Stability of acylcarnitines and free carnitine in dried blood samples: implications for retrospective diagnosis of inborn errors of metabolism and neonatal screening for carnitine transporter deficiency.

OBJECTIVE: Electrospray ionization-tandem mass spectrometry (ESI-MS/MS) is increasingly used in newborn screening programs. Acylcarnitine profiles from dried blood spots (DBS) are used to detect fatty acid oxidation disorders, carnitine cycle disorders, and organic acidurias. Stored dried blood is also a valuable source for postmortem investigations to unravel the cause of unexplained death in early childhood. However, diagnostic uncertainties arising from the unknown stability of acylcarnitines and free carnitine during prolonged storage have not yet been studied in a systematic manner.
METHODS: Whole blood spiked with acylcarnitines was stored either at -18 degrees C or at room temperature up to 1000 days.
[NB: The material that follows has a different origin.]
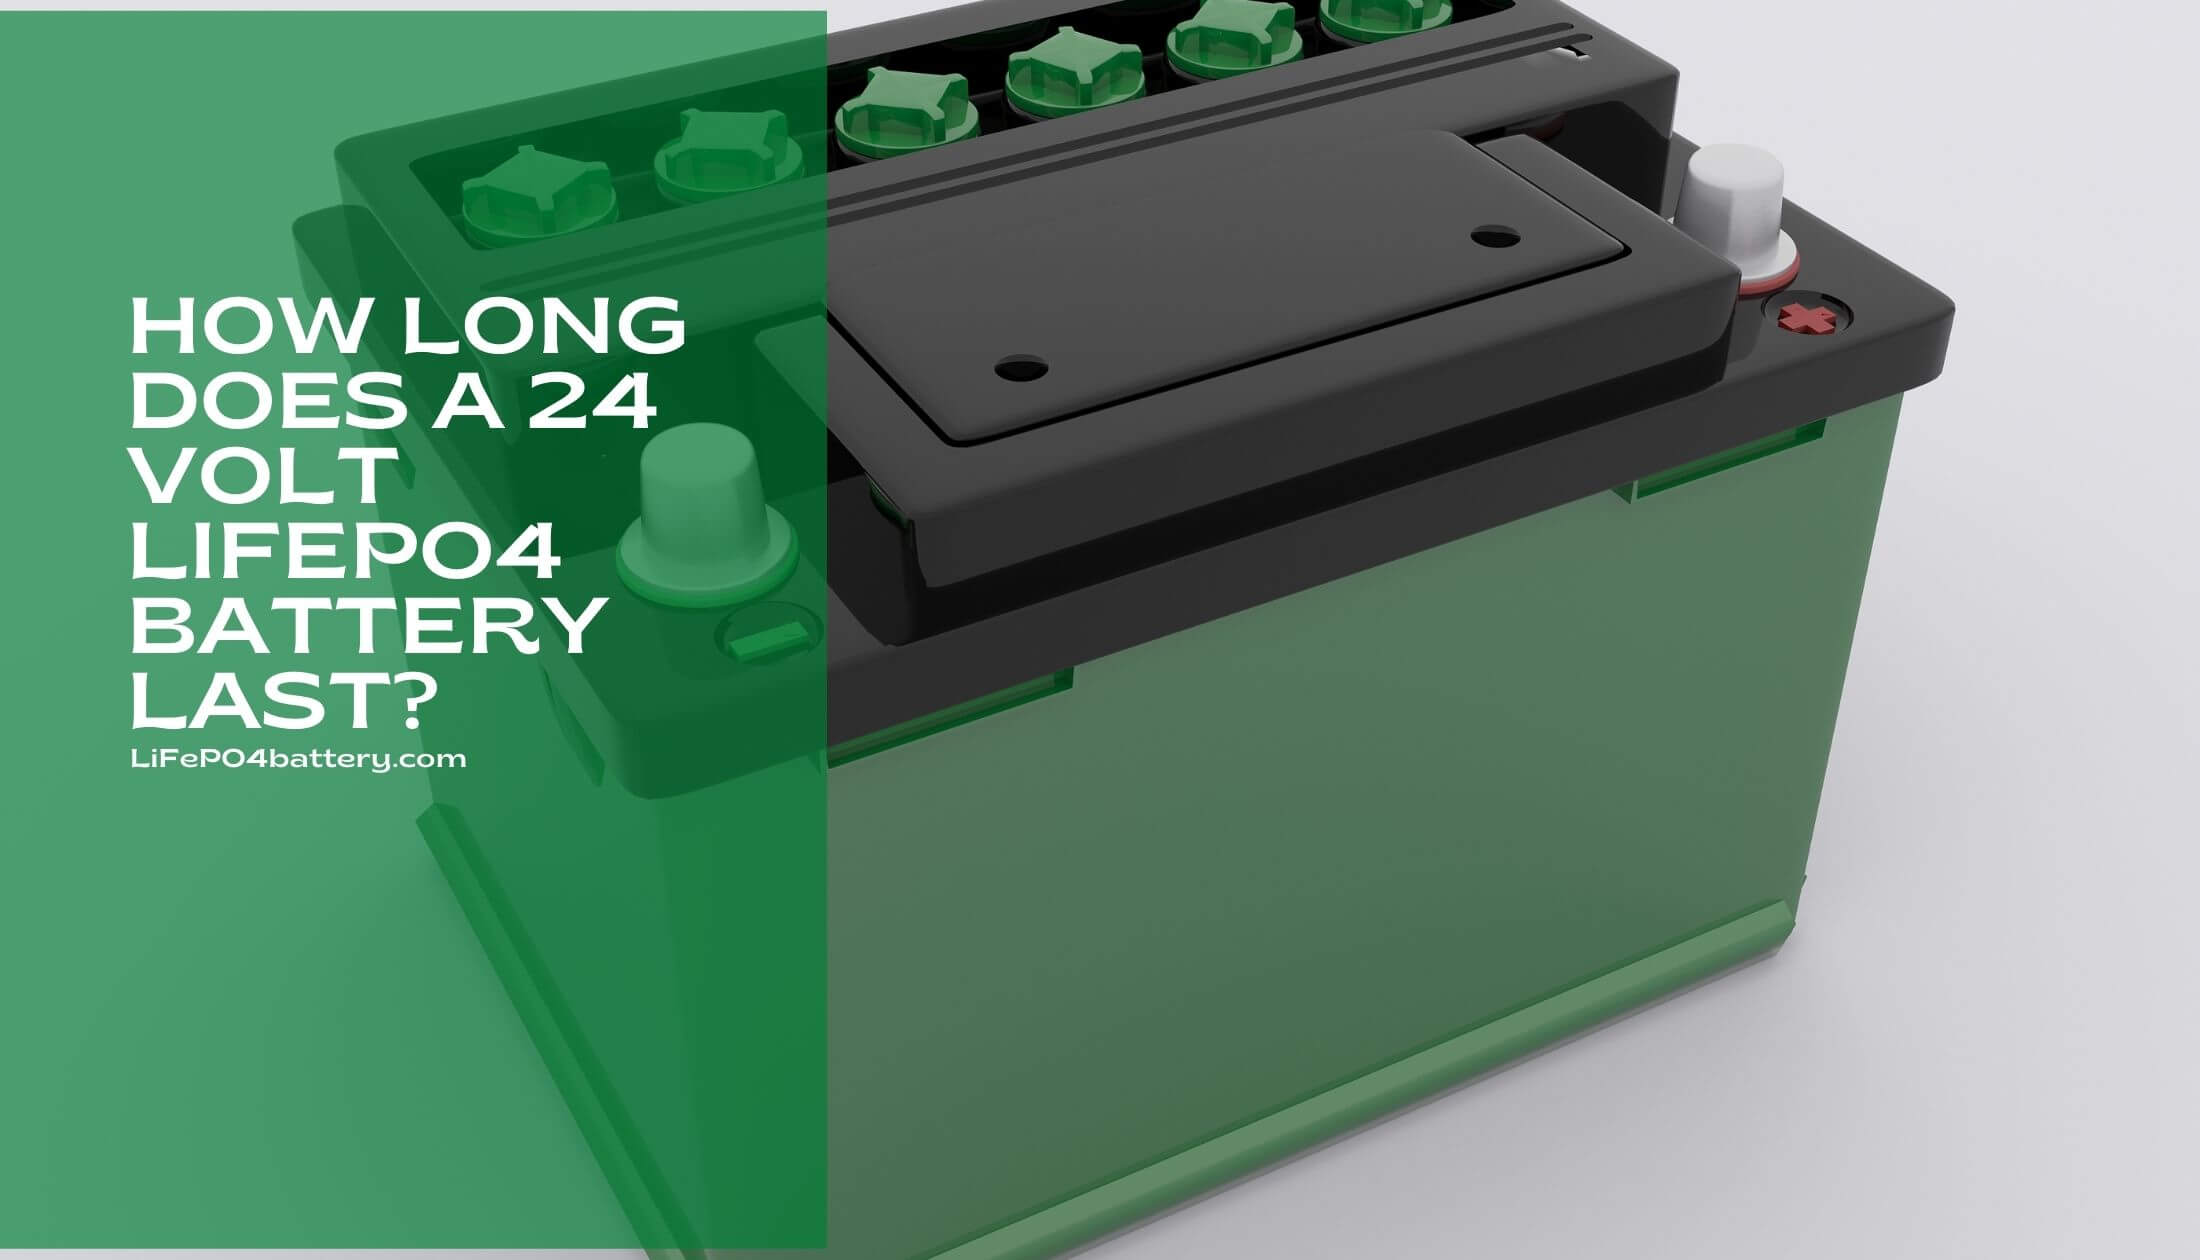 How Long Does A 24 Volt LifePo4 Battery Last (1)

At regular time intervals 3.2 mm spots of these samples were extracted with 150 microL of methanol. Free carnitine and acylcarnitines were converted to their corresponding butyl esters and analyzed by ESI-MS/MS.
RESULTS: At -18 degrees C acylcarnitines are stable for at least 330 days. If stored for prolonged periods at room temperature (>14 days), acylcarnitines are hydrolyzed to free carnitine and the corresponding fatty acids. The velocity of decay is logarithmic and depends on the chain length of the acylcarnitines. Short-chain acylcarnitines hydrolyze quicker than long-chain acylcarnitines.
CONCLUSION: The data indicate that stored filter cards should only be used for retrospective quantitation of acylcarnitines if appropriate correction for sample decay during storage is applied. Free carnitine increases upon storage but can reliably be quantitated under standardized derivatization conditions. Furthermore, carnitine transporter (OCTN2) deficiency can reliably be diagnosed by examining acylcarnitine profiles, which can supplement free carnitine levels as a discriminatory marker.